Microsoft uses unsupervised learning techniques to extract knowledge about cloud service disruptions. In an article published on the preprint server Arxiv.org, researchers at SoftNER describe a framework that was provided internally by Microsoft to collect information on 400 storage, computing and other cloud failures. They claim that there is no longer a need to annotate large training data, while scaling to a high volume of timeouts, slow connections, and other product interruptions.
Structured information has an inherent value, especially in the areas of cloud and high-stakes web operations. Not only can it be used to create AI models tailored for tasks such as triaging, it can also save time and effort for engineers by automating processes such as performing resource checks.
The SoftNER framework tries to extract knowledge by analyzing unstructured text, recognizing entities in failure descriptions and classifying entities into categories. Components are used that identify structure patterns in the descriptions to boot training data, as well as label propagation and a multitask model to generalize data beyond the patterns and extract entities from the descriptions.
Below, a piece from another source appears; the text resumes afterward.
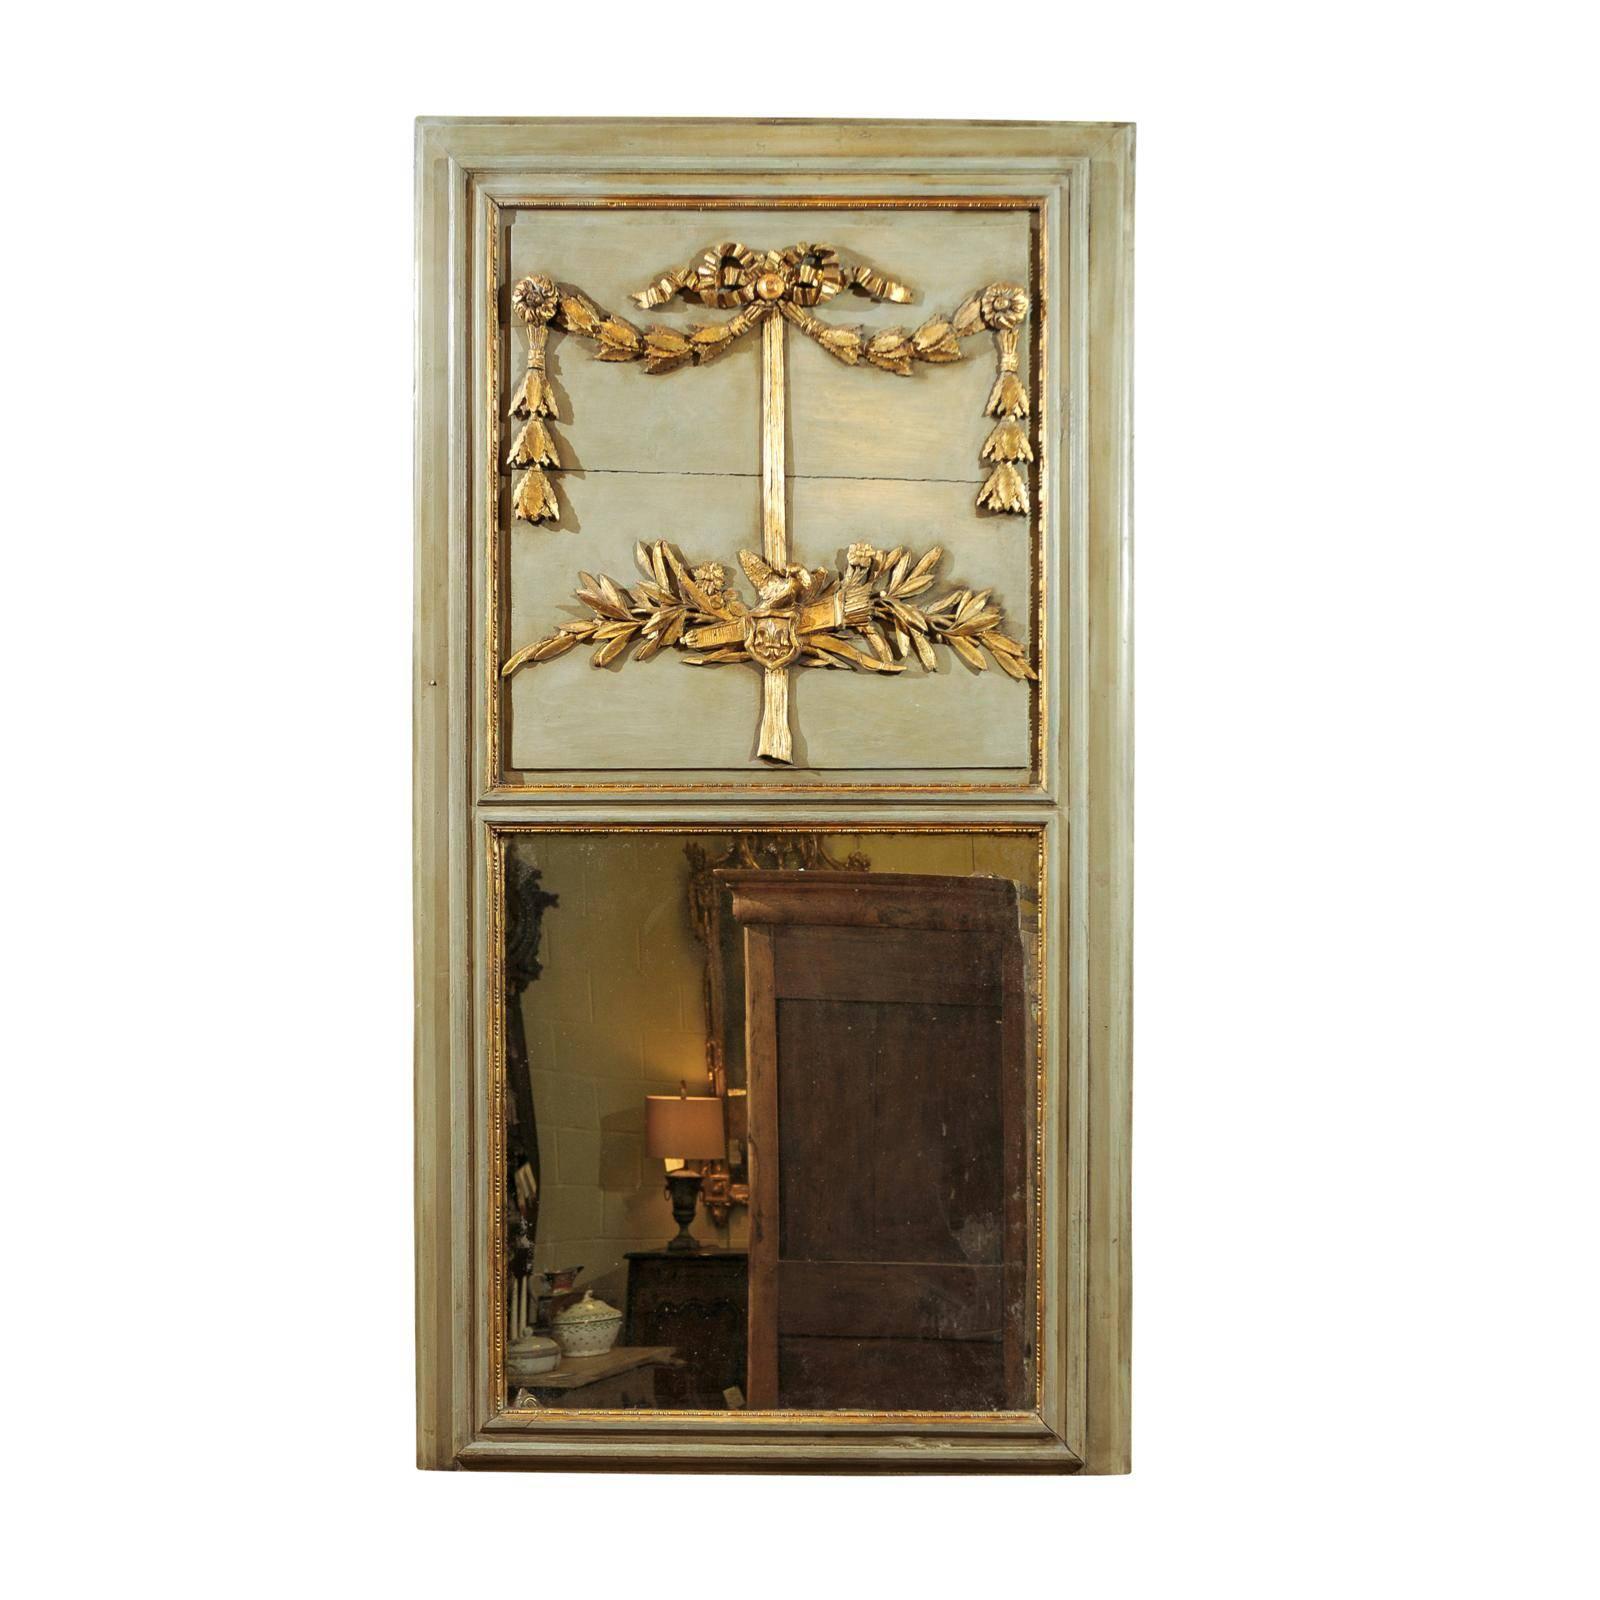 Louis XVI Style Green Painted Trumeau Mirror with Doves and Laurel Leaves

SoftNER starts every run with the noise suppression of data. SoftNER records incident statements, conversations, batch traces, shell scripts and summaries from sources such as Microsoft customers, feature engineers, and automated surveillance systems, and normalizes descriptions by cropping tables with more than two columns and removing unnecessary tags (such as HTML tags). . Then the descriptions are divided into sentences and the sentences are divided into words.
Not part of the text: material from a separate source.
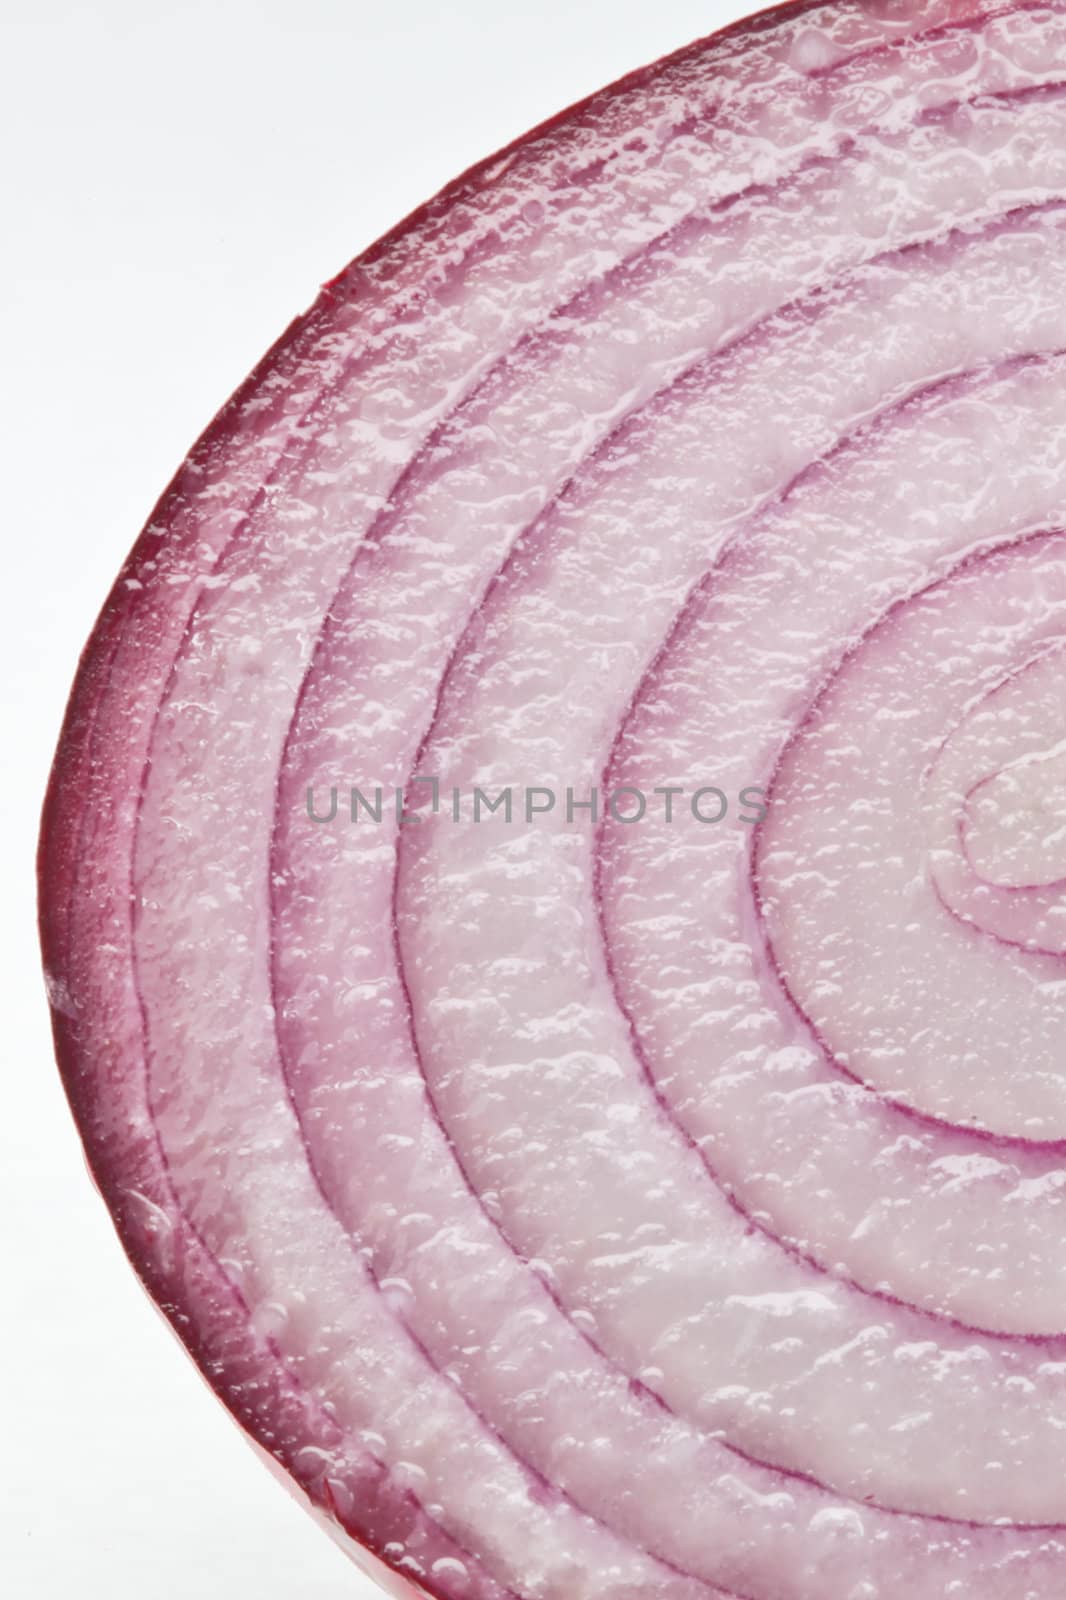 A fresh red onion cut in half exposing the circular rings in a close up shot

After performing the entity identification (e.g. problem types, exception messages, storage locations and status codes as well as the data type identification (for IP addresses, URLs, subscription IDs etc.), SoftNER passes the types of the entity values to all incident descriptions. For example, if the IP If the address “1
In experiments, the researchers evaluated SoftNER’s performance by applying it over a period of two months to 41,000 failures at Microsoft from “large online systems” with “a wide distribution of users”, each containing an average of 472 words. They report that the framework has managed to extract 77 valid entities per 100 from descriptions with an accuracy of over 96% (averaged over 70 different entity types). It also says that SoftNER is accurate enough to perform automatic triaging at Microsoft.
The researchers say they plan to use SoftNER in the future to evaluate bug reports and improve existing incident reporting and management tools. “Incident management is an integral part of building and operating large scale cloud services,” they write. “We show that the extracted knowledge can be used to create much more accurate models for critical incident management tasks.”